The key design variable for entrainment separation vessels is a vapor load factor, first derived by souders and brown for predicting flooding in distillation columns (2). The derivation is based on the force balance calculation on a droplet falling through a vapor.

The Souders-brown vapor load factor is :
Fv1 = Vv * (ρV/(ρL-ρV))^.5

This vapor load factor is also referred to as a K factor for purposes of determining the flux cross section area of a mist eliminator or knockout drum. Typically, .3 to .35 ft/sec is used as design K factor for entrainment separation vessel.

By expressing vapor loading in terms of the Souders-Brown transformation, a design variable is created which is largely independent of the system variable (molecular weight, density, pressure, temperature, viscosity, surface tension etc). this combined variable vapor load factor correlates buoyancy and differential inertial effects for a wide range of liquid/vapor systems. A similar design variable, designated Fs is also used for Liquid/Vapor systems. Fs accounts for vapor inertial effects but not buoyancy effects or differential inertial effects.

Fs is defined as :
Fs = Vv * (ρV)^0.5

In hydrocarbon liquid/vapor systems at a pressures higher than approximately 120 Psia, system load factors less than 0.35 ft/sec should be used as the design basis. Droplet terminal velocity departs significantly from Stoke’s Law as the system approaches the critical point. The main reason is that the interfacial tension decreases (approaches zero at the critical point ). Another reason is that the density difference (liquid-vapor) approaches zero.

Knockout Drum Design

A knockout drum (vertical or horizontal) is typically sized for a system load factor of 0.3 to 0.35 ft/sec. However, because of the need for a mist eliminator support ring, and because of roundup to the next standard vessel diameter, vertical knockout drums typically have a design system load of 0.25 to 0.30 ft/sec. They typically operate between 0.20 and 0.35 ft/sec vapor load factor (3,4). If other constraints, such as space or cost, require a smaller vessel diameter, a design load factor of 0.45 ft/sec may be used; the result is  a reduced margin of safety and an increased entrainment load on the mist eliminator.

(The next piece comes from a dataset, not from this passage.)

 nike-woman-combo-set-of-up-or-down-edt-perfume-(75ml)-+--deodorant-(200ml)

A vapor load factor of 0.2 to 0.35 ft/sec is the optimum range for mist eliminators operating in vertical upflow. Consequently, a full diameter mist eliminator is usually appropriate for a vertical knockout drum. However, if the knockout drum is sized according to a vapor load factor less than 0.2 ft/sec, the mist eliminator should be sized for optimum efficiency. Consequently, a design other than the typical full diameter mist eliminator may be appropriate. For example, if the optimum mist pad diameter is significantly less than the vessel diameter, a sleeve mounting may be appropriate. On the other hand, if the vessel diameter is too small to accommodate the required mist eliminator area as a full diameter unit, the mist eliminator may be oriented in the longitudinal axis.

For horizontal vessels, the diameter is based on the design factor of 0.35 ft/sec (as for vertical vessels).

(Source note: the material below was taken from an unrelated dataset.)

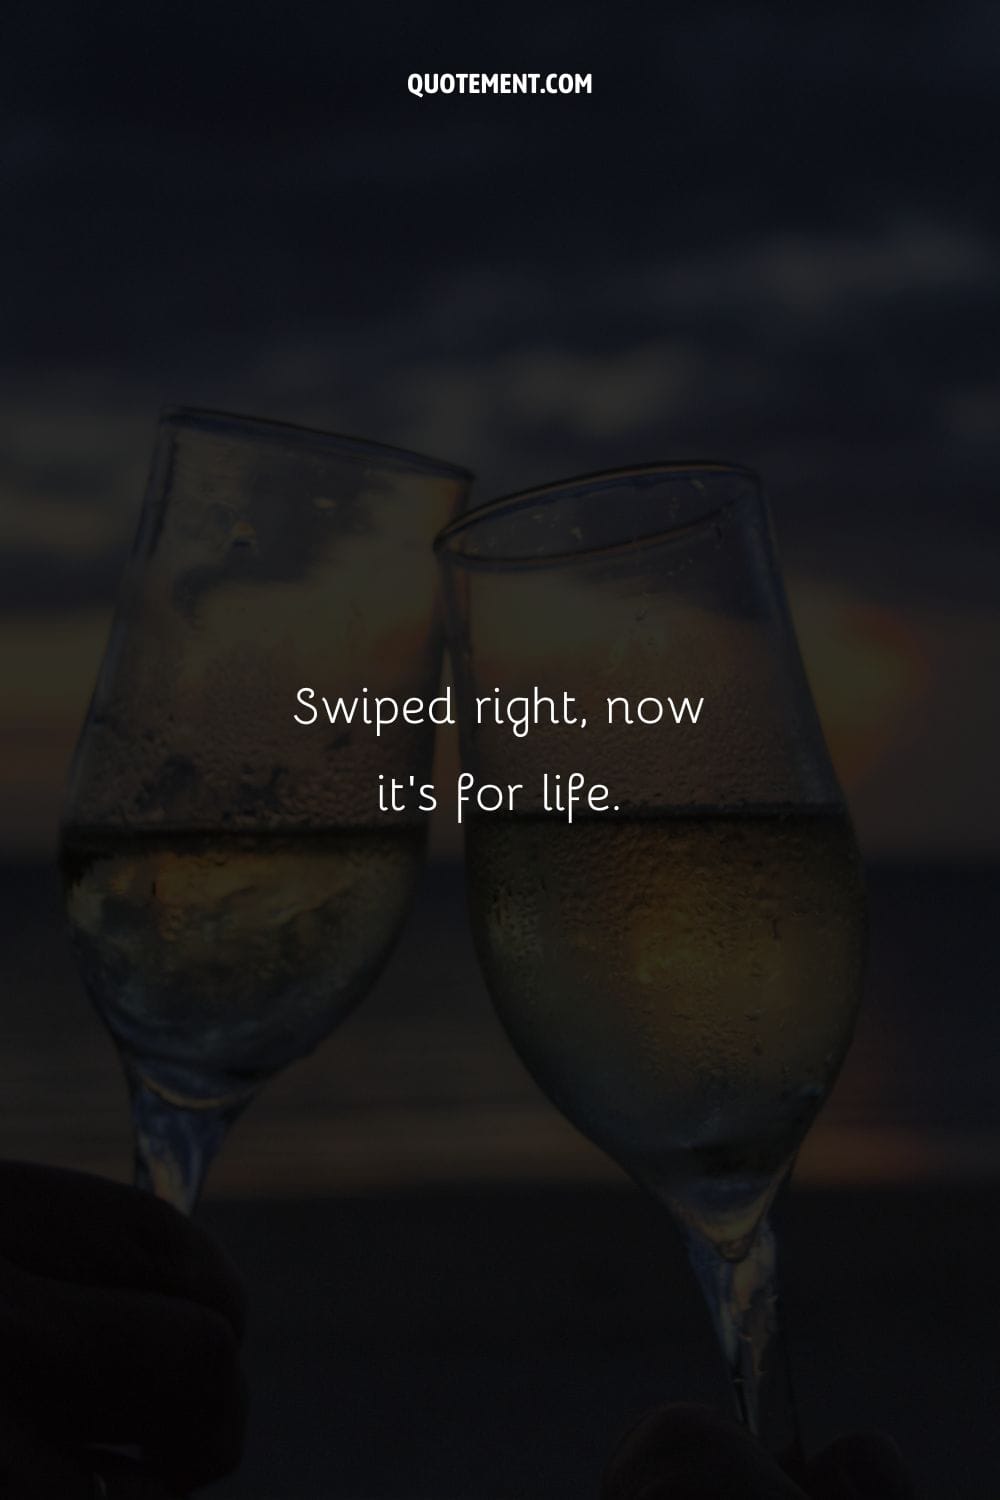 Image of two glasses representing cute caption for couples.

However, because of liquid holdup, the cross sectional area for vapor flow causes an operating vapor load factor of 0.4 to 0.5 ft/sec for vertically installed mist eliminators. This vapor load corresponds to the optimum load for wire mesh pads in the horizontal flow. The design basis for the horizontal mist eliminator in a horizontal vessel should be K = 0.5 ft/sec (or less).

The height of a vertical knockout drum is constrained by a number of factors. The following design guidelines are typical:

1.  The top of a horizontal mist eliminator should be at least one-half vessel diameter from the exit nozzle (top or side mounted). This reduces the non-uniform flow through the pad caused by a radial pressure gradient.

2.       The bottom of a mist eliminator should be at least one vessel diameter from the centerline of the inlet nozzle (side mounted). One-half vessel diameter is used in some cases (for light liquid loading) to satisfy space constraints. However, if the inlet fluid is a flashing liquid, one vessel diameter is essential for vapor/liquid disengaging.

3.       The liquid level should be at least one-half vessel diameter below the side inlet nozzle centerline in order to avoid inducing.

4.       If the vessel is to provide a liquid surge volume, the appropriate height increment will be required. For preliminary designs and cost estimates, the vessel aspect ratio (height/diameter) may be estimated at 2.5 (for zero liquid holdup) or 3.0 (to allow for liquid holdup).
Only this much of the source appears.